Closed jwdebelius closed 7 years ago
I agree! We're you able to figure this out? @jwdebelius
Maybe I did not properly ask the question in my other posting. But I'd like to know to convert or change the observation ids which contain deblurred sequences )mine are 350 bp) to taxa. Is this possible?
I didn't end up getting it included. @amnona, @wasade: could I do this be done with a conversion script that hashes the sequences, and then use then sequences as metadata?
Would this have further reaching consequences for tree building?

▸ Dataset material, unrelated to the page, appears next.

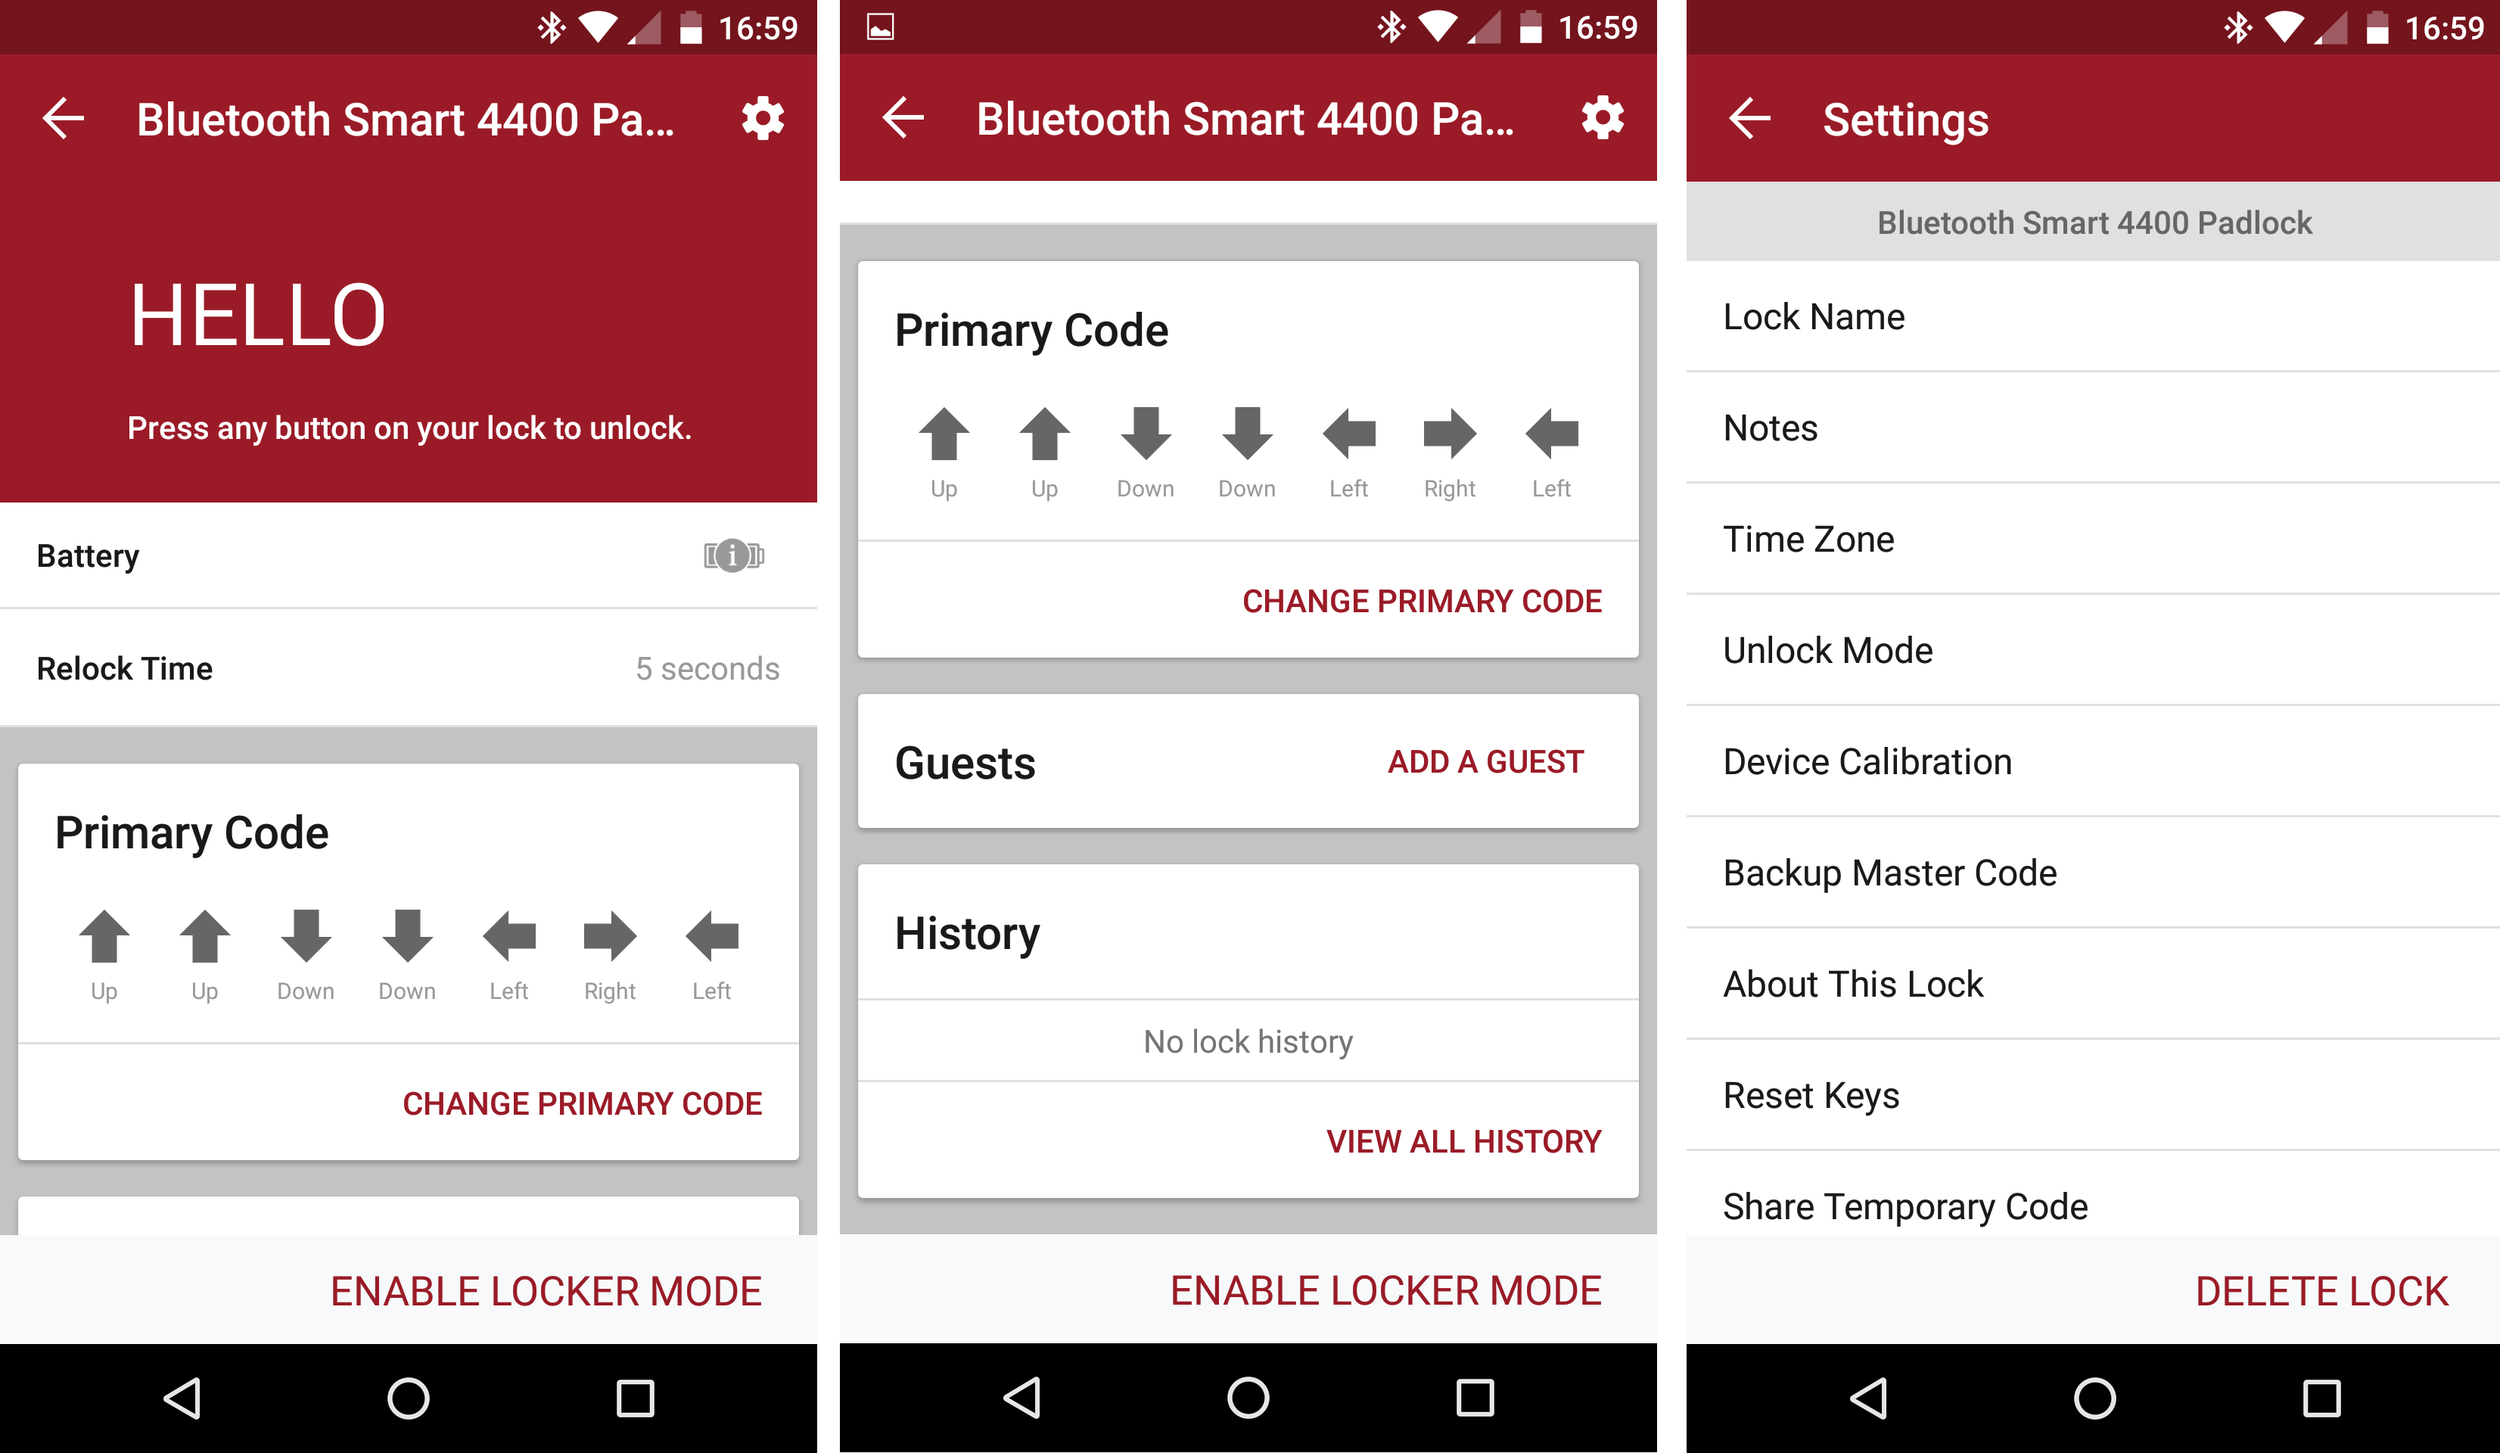 masterlock_bluetooth_smart_4400_padlock_android_ui_settings.png

I hope they answer because this has left me completely stumped. I have looked around to figure out how to visualize the deblurred sequences and show the taxonomy but there either aren't many papers that use deblur or there methodology is very vague. I was able to run assign_taxonomy.py to determine what the sequences are using greengenes but I was unable to figure out how to actually use the taxonomic assignments .txt output. Usually the taxonomy assignments are used along with pick_otus.py to build an OTU table. But here deblur already produces an OTU table...the major problem being that the observation ids are just sequences (I understand why they are...just they don't tell me anything).
Hey @slvrshot
The way to add the taxonomy to the table is as follows. First you run assign_taxonomy.py to generate the .txt with the taxonomy assignments. Then you need to run "biom add-metadata" to add this information to the BIOM table. This will leave you with a BIOM table in the same way that Qiime1 generates the BIOM table in the pick OTUs workflows (these are the steps that Qiime is executing behind the scenes). As an example of the commands that I run:
assign_taxonomy.py -i ${deblur_fna} -o ${taxa_out} -m sortmerna --sortmerna_threads 31
biom add-metadata -i ${deblur_biom} -o ${deblur_out}/final.with.tax.biom --observation-metadata-fp ${taxa_out}/final.seqs_tax_assignments.txt --observation-header OTUID,taxonomy --sc-separated taxonomy
After these 2 commands, the table "final.with.tax.biom" is ready to be used in QIIME1 as any other table generated by the OTU picking workflows.
Hope this helps!
@slvrshot the manuscript was in press for a while but just came out today. The recommended use of Deblur is through q2-deblur
, which automatically hashes the feature labels. It acts as a drop in replacement for q2-dada2 within a typical QIIME2 workflow (e.g., the MVP tutorial). With q2-deblur, I'm pushing in notes right now on its install, but in brief, it can be done with conda install -c biocore q2-deblur
.
I'm closing this issue as it is resolved upstream of Deblur.
It would be helpful if the sequences were treated as metadata, and there was an ID associated with the sequence. The [dada2 plugin for Qiime 2 using a md5 hash(https://github.com/qiime2/q2-dada2/blob/master/q2_dada2/_denoise.py), line 36.
The 150 character sequences are unwieldy for things like dataframes and difficult to compare and identify.